Филология, в отличие от Меркурия, - смертное существо: чтобы взойти на небо и занять место рядом с этим богом, она должна, по указанию Бессмертия (еще один аллегорический персонаж Марциана), извергнуть из себя ту «внутреннюю полноту (intima plenitu^^», которая забила ее грудь. Филология, следуя этой рекомендации, напрягается и в самом деле извергает из горла поток «писаний всех сортов (omnigenium copias... litterarum)»; юные девы, символизирующие свободные искусства, и сами музы принимаются собирать эти извержения.
«Copia litterarum», от которых Филология освободилась столь странным образом, символизируют, как предполагает Т. Бичи, науки квадривия, принадлежащие земному, а не небесному миру. Освободившись от них, Филология выпивает некий исключительно сладкий напиток, который возвращает ей силы и позволяет подняться в заоблачные сферы, где она и соединяется с Меркурием.
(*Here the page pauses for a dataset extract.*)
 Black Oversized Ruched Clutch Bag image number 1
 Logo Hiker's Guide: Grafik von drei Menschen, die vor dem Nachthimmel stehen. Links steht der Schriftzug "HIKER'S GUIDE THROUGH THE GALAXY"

Понятно, что и само сочинение Марциана мыслится как следствие этого преображения Филологии, которое она претерпела благодаря двум разнонаправленным процессам - извержению земного знания и выпивания сладостного Божественного напитка, который приобщил ее к знанию небесному.
Отчасти сходную комбинацию мотивов Т. Бичи находит в рассказе Снорри Стурлусона о создании такого же вдохновляющего Божественного напитка - «меда поэзии». Этот напиток представляет собой смешанную c медом кровь Квасира - существа, возникшего из слюны асов и ванов при заключении ими мирного договора и впоследствии убитого двумя карликами. Человек, отведавший «мед поэзии», становится либо поэтом, либо ученым.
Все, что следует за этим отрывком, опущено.